# Task prompt:
Please take the entries below from the first line through the line containing "Men's Old Friend" and repeat them exactly, leaving out everything after.

# Records to use:
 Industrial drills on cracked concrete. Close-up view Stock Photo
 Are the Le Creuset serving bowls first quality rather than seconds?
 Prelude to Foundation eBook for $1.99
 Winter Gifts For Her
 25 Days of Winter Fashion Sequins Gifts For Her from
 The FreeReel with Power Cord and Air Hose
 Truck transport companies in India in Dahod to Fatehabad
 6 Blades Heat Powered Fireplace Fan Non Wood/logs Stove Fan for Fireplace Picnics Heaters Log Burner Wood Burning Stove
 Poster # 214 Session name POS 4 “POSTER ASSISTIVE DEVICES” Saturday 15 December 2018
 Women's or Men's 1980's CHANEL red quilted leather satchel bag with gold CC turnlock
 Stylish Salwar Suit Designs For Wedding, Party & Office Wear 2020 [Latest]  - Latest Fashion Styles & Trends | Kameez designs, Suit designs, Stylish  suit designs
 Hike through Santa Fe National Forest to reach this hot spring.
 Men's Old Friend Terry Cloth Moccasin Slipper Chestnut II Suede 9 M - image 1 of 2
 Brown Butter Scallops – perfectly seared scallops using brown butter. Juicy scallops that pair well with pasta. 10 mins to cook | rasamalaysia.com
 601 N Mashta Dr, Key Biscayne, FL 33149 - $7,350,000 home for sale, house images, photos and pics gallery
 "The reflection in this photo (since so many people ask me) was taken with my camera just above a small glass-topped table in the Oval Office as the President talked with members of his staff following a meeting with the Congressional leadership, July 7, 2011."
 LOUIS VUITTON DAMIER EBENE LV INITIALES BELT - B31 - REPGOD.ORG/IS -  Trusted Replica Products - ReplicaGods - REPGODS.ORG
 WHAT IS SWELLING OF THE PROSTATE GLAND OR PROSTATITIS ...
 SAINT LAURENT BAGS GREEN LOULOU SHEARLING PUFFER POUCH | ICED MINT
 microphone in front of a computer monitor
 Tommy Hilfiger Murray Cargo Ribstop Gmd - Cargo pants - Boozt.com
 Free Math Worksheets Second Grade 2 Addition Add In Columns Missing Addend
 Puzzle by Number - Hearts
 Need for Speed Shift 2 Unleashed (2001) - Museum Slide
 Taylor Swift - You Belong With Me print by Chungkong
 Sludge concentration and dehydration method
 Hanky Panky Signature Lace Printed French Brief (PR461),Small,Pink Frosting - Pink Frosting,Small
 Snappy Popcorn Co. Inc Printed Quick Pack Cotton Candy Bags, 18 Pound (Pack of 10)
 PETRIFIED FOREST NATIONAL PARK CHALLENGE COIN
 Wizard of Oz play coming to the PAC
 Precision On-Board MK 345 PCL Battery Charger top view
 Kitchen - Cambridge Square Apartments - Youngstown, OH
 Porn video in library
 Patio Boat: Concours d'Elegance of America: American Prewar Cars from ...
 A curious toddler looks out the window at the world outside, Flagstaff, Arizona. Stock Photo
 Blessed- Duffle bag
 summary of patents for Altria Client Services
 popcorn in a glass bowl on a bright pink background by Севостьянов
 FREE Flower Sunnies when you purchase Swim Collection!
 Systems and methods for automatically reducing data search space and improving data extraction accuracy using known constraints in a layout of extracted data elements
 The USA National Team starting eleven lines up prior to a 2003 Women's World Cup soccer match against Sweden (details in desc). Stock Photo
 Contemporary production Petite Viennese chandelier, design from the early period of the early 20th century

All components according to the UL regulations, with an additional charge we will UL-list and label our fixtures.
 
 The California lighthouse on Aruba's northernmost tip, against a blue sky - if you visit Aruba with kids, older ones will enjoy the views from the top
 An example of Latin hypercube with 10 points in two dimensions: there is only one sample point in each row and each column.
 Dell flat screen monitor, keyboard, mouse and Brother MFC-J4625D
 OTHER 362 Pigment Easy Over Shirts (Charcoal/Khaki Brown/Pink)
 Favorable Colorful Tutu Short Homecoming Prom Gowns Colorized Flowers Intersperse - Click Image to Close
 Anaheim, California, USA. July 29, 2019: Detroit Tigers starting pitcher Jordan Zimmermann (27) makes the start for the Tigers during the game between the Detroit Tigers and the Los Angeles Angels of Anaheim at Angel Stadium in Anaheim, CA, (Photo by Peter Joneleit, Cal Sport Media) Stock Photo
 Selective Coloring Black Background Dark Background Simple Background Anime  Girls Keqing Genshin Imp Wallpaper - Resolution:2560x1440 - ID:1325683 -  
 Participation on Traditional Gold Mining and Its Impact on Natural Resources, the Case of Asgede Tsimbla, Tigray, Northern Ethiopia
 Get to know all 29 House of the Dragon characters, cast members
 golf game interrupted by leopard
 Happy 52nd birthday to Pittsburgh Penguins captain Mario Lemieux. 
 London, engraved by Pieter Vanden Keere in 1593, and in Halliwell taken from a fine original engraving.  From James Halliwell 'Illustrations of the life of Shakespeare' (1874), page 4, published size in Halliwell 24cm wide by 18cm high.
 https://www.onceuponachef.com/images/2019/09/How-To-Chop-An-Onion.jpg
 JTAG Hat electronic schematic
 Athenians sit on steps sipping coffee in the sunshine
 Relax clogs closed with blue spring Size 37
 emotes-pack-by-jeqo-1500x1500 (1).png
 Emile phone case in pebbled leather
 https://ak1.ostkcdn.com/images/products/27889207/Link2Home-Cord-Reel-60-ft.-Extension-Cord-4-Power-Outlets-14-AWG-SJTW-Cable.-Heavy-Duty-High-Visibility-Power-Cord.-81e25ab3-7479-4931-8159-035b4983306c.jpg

# Response area:
 Industrial drills on cracked concrete. Close-up view Stock Photo
 Are the Le Creuset serving bowls first quality rather than seconds?
 Prelude to Foundation eBook for $1.99
 Winter Gifts For Her
 25 Days of Winter Fashion Sequins Gifts For Her from
 The FreeReel with Power Cord and Air Hose
 Truck transport companies in India in Dahod to Fatehabad
 6 Blades Heat Powered Fireplace Fan Non Wood/logs Stove Fan for Fireplace Picnics Heaters Log Burner Wood Burning Stove
 Poster # 214 Session name POS 4 “POSTER ASSISTIVE DEVICES” Saturday 15 December 2018
 Women's or Men's 1980's CHANEL red quilted leather satchel bag with gold CC turnlock
 Stylish Salwar Suit Designs For Wedding, Party & Office Wear 2020 [Latest]  - Latest Fashion Styles & Trends | Kameez designs, Suit designs, Stylish  suit designs
 Hike through Santa Fe National Forest to reach this hot spring.
 Men's Old Friend Terry Cloth Moccasin Slipper Chestnut II Suede 9 M - image 1 of 2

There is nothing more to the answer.